The primary aim of ‘beating’ any addiction is to stop doing or taking the thing you’re addicted to. The willpower required to achieve this aim is something exercised by thousands of people every day – for example, those who fight to give up sugar or fast foods in whatever diet they choose to take on.

But while the health outcomes from succeeding or failing in that mission can be fairly benign, those attached to recovering from alcohol addiction can be a matter of life or death. The ability to stick to your resolve in this ambition is vital, as the repercussions of relapse can lead to brain damage, cancer, relationship breakdown, imprisonment and, yes, death.

“Picking up a drink to feel relaxed is like burning your house down just to get warm.”
Quint Boa
Following years of habitual drinking, even after total abstinence, relapse – or ‘picking up’ – is an ever-present risk. But while the causes of alcohol addiction have been at the centre of research, the causes of relapse are less well known or investigated.

It’s worth looking at just a few of the reasons alcohol addicts relapse.

“Our greatest glory is, not in never falling, but in rising every time we fall.”
Oliver Goldsmith
When a person with alcohol addiction presents for treatment, they are usually at their absolute rock bottom. The central focus of recovery in most therapies and treatments is to cease consumption ‘one day at a time’. Recovery (or ‘rediscovery’) is fundamentally a daily operation.

(Those who proudly share news of their alcohol-free ‘streak’ on social media do neither themselves nor other addicts any favours. The crux of recovery is to take each day at a time. The number of days in total is needlessly irrelevant.)

To ward off temptation, a person on the road to recovery is reminded of the triggers that might make them feel they ‘need’ a drink – for example, HALT (hungry angry lonely tired) – along with plenty of ‘fridge magnet’ philosophies.

“If you hang out in a barbershop long enough, you’re going to get a haircut.”
The aim of these pithy little sayings is to remind addicts of the many temptations, such as peer pressure to go to the pub, and stay out of harm’s way.

Animation’s role

In a world where alcohol is the norm and little importance or focus is placed on its dangers, animation can play a crucial part in making information readily available and easily understood. It is a creative, relatable and dynamic platform for communication. Animation has a unique part to play as an adjunct to traditional treatment of alcohol addiction; its immediacy and accessibility can help addicts – and anyone – understand the dangers of alcohol and the difficulties of remaining sober in a non-threatening way. Animation can also be accessed anywhere at any time, freely via social media.
Animations’ infographics or moving schematics can provide all the essential information clearly and immediately, with contact info and resources for support at the end of the reel.
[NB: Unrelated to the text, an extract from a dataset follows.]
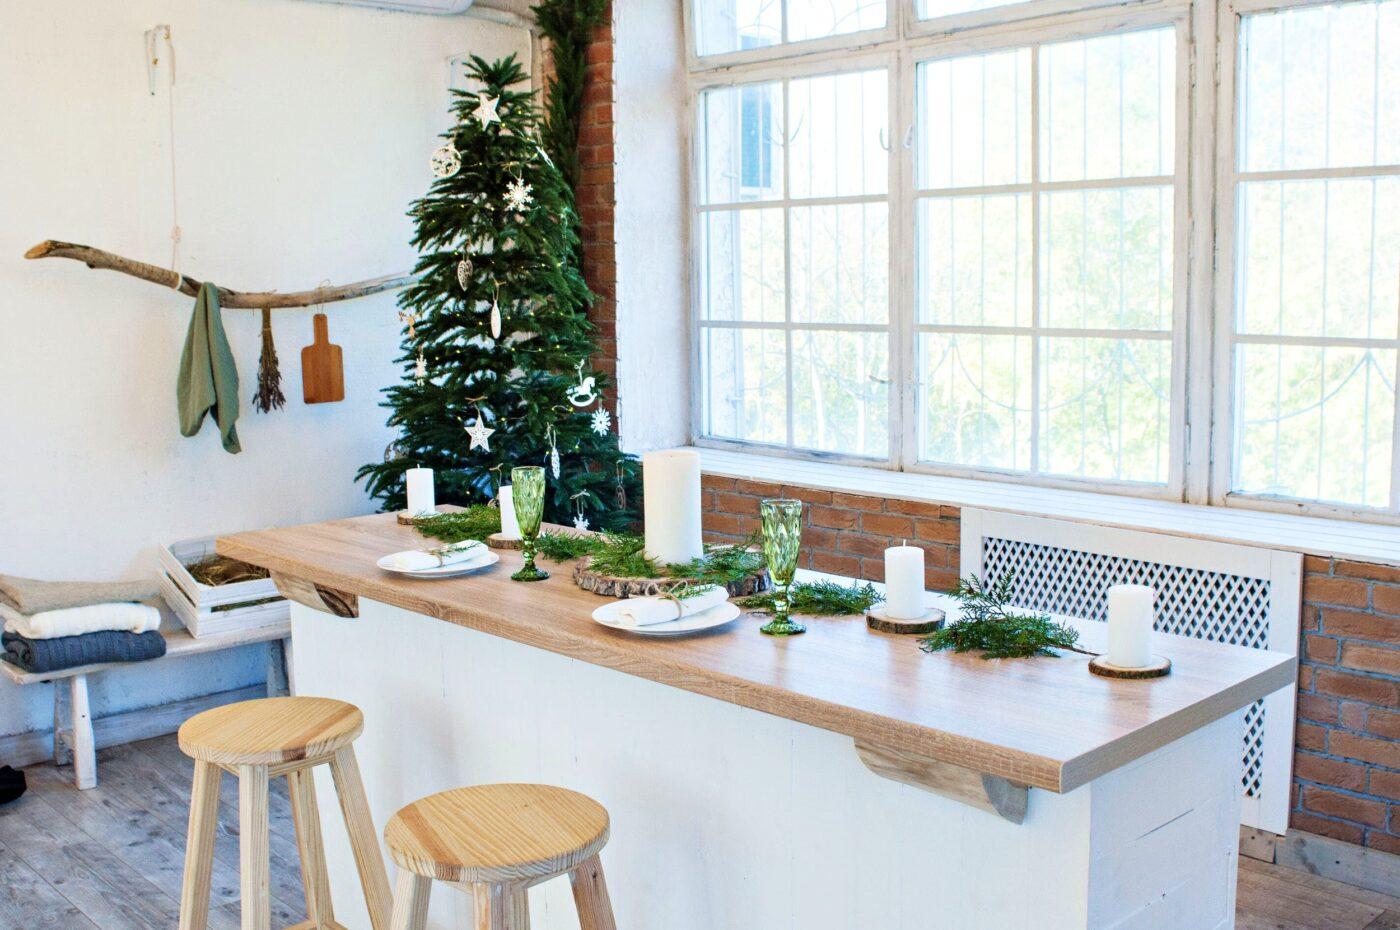 Decoración navideña en tu cocina: las ideas más creativas

  • Improves understanding
  • Provides company and connection
  • Is accessible
  • Is easy to absorb
  • Is non-judgemental
  • Is non-threatening
  • Provides practical information and advice
So, if the addicts presenting for treatment have hit ‘rock bottom’, what on Earth could compel them to drink again after abstention? While the reasons are highly subjective there are some themes that do recur.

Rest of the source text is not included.